- Data:
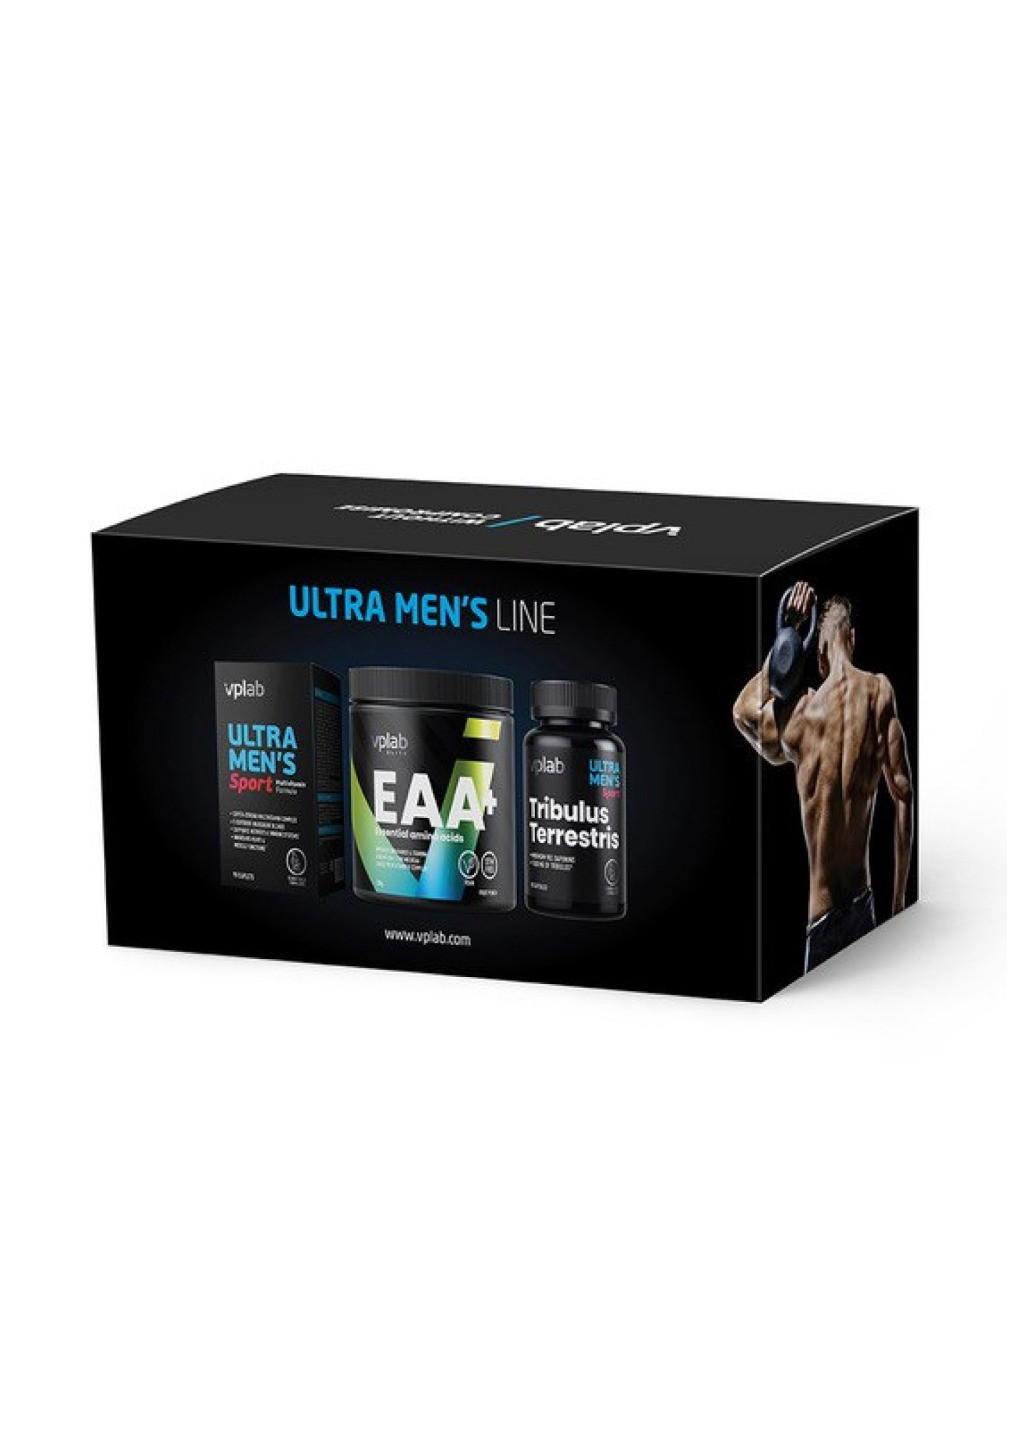 Подарунковий набор для мужчин Ultra Men's Power Box VPLab Nutrition (272820838)
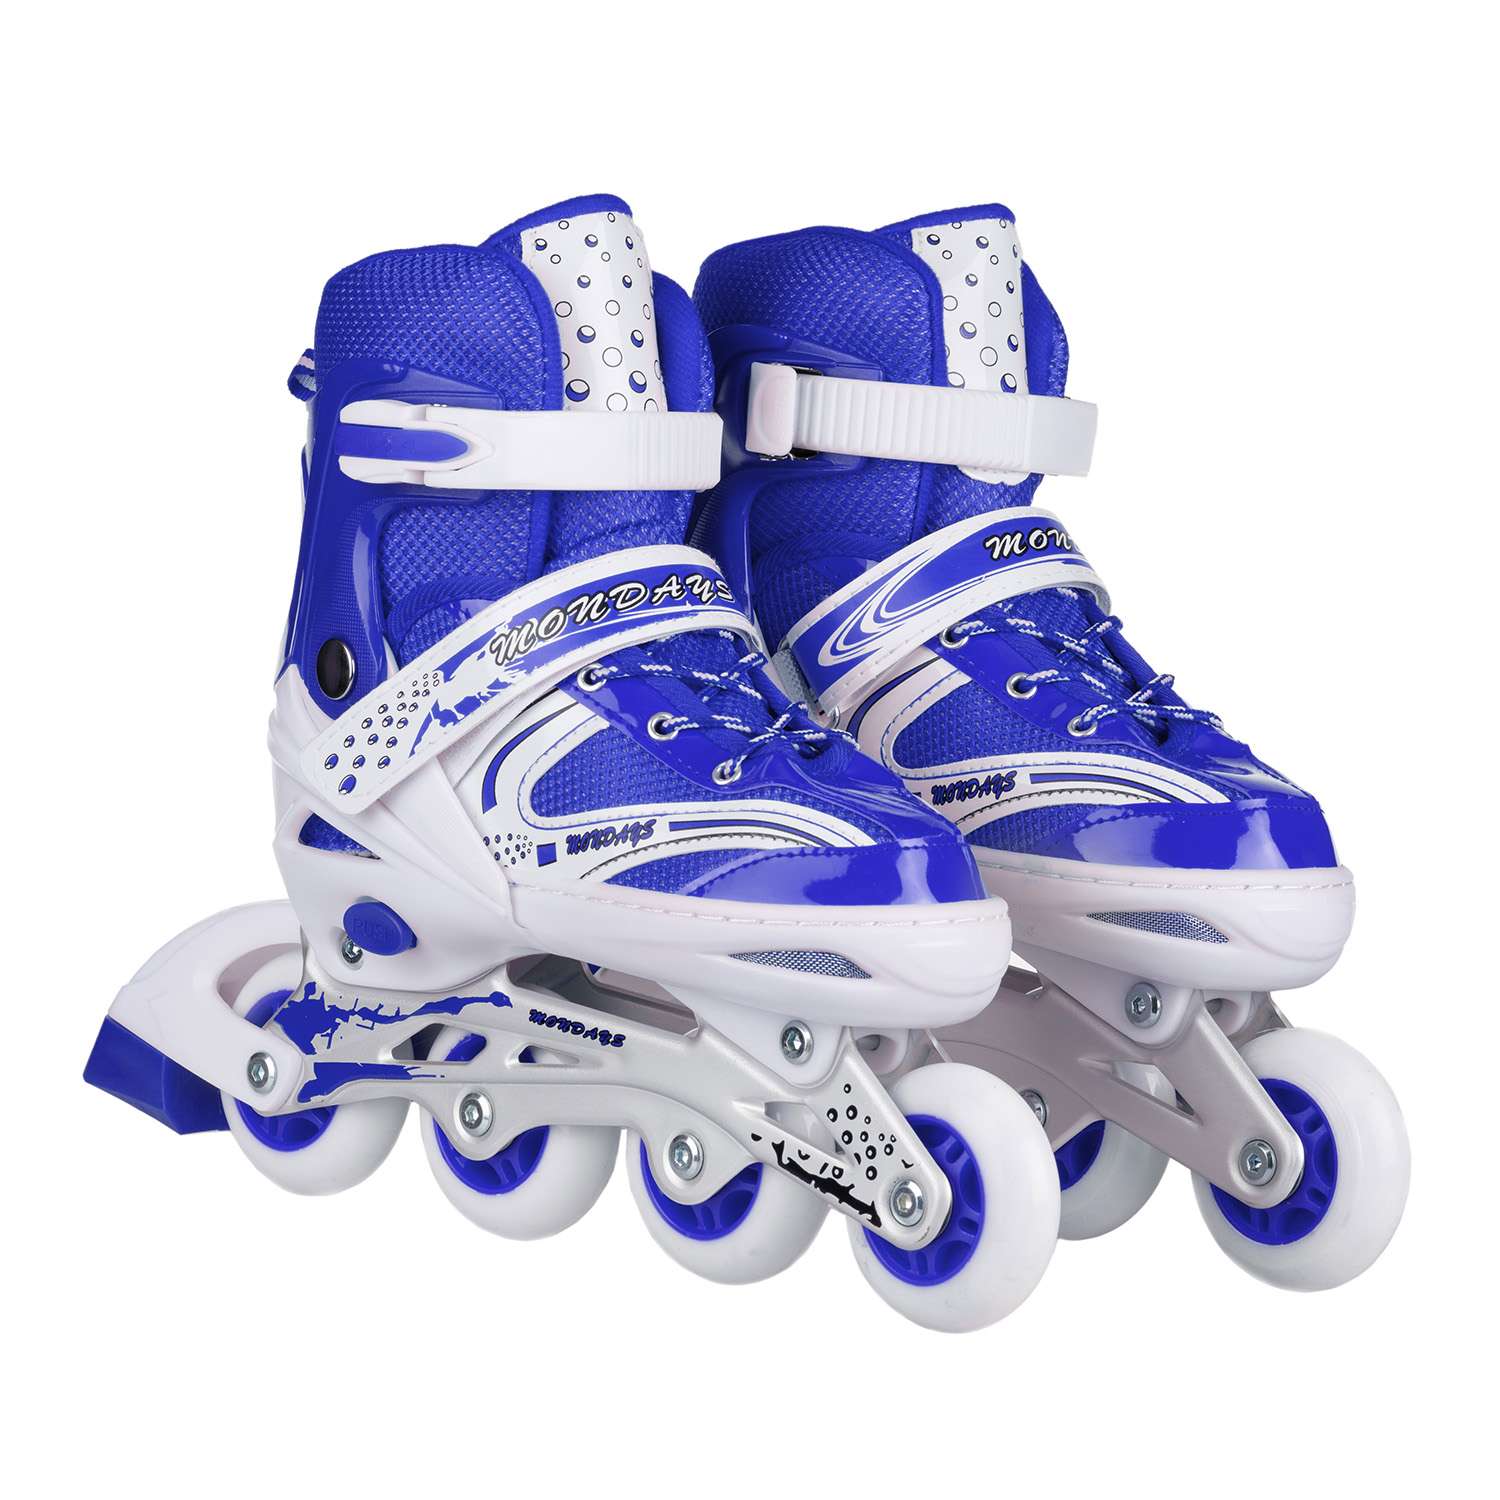 Роликовые коньки BABY STYLE синие раздвижные размер с 32 по 35M светящиеся колеса - фото 2
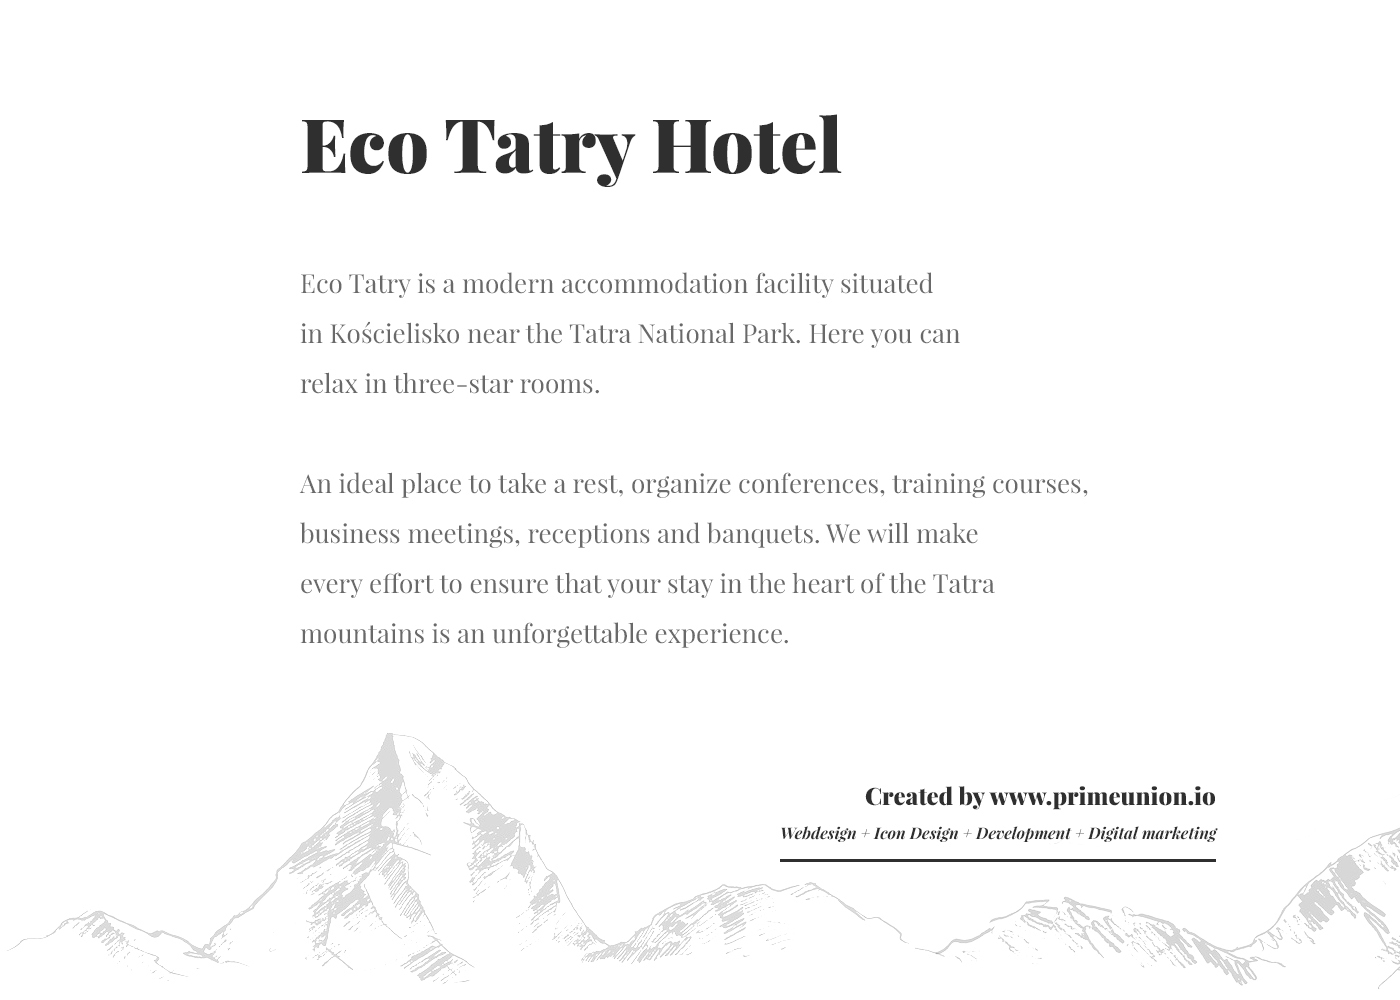 sokol hotel Responsive Website poland prime union mountains tatra
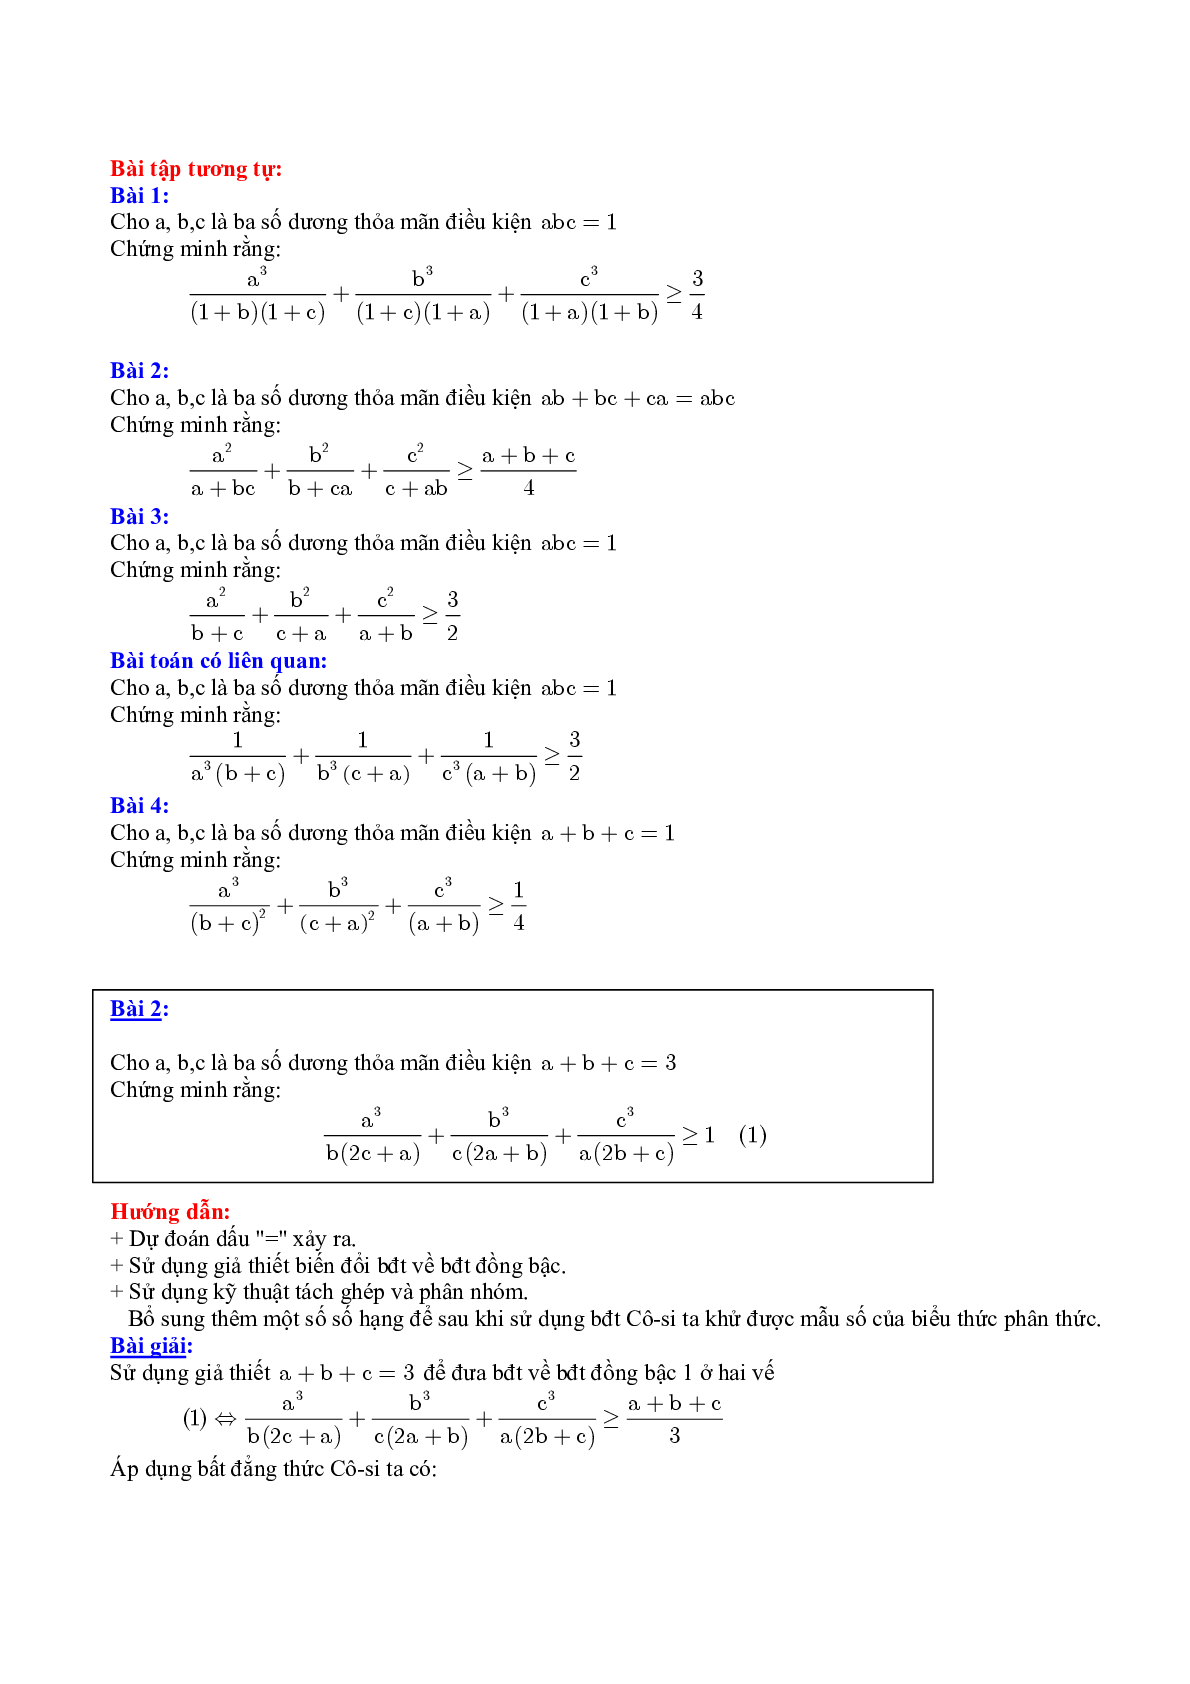 Một số kỹ thuật chứng minh bất đẳng thức hay nhất (trang 2)

- Task details:
Transcribe the preceding listing in its entirety and with exact wording, leaving out pictures.

- Solution to this task:
 Подарунковий набор для мужчин Ultra Men's Power Box VPLab Nutrition (272820838)
 Роликовые коньки BABY STYLE синие раздвижные размер с 32 по 35M светящиеся колеса - фото 2
 sokol hotel Responsive Website poland prime union mountains tatra
 Một số kỹ thuật chứng minh bất đẳng thức hay nhất (trang 2)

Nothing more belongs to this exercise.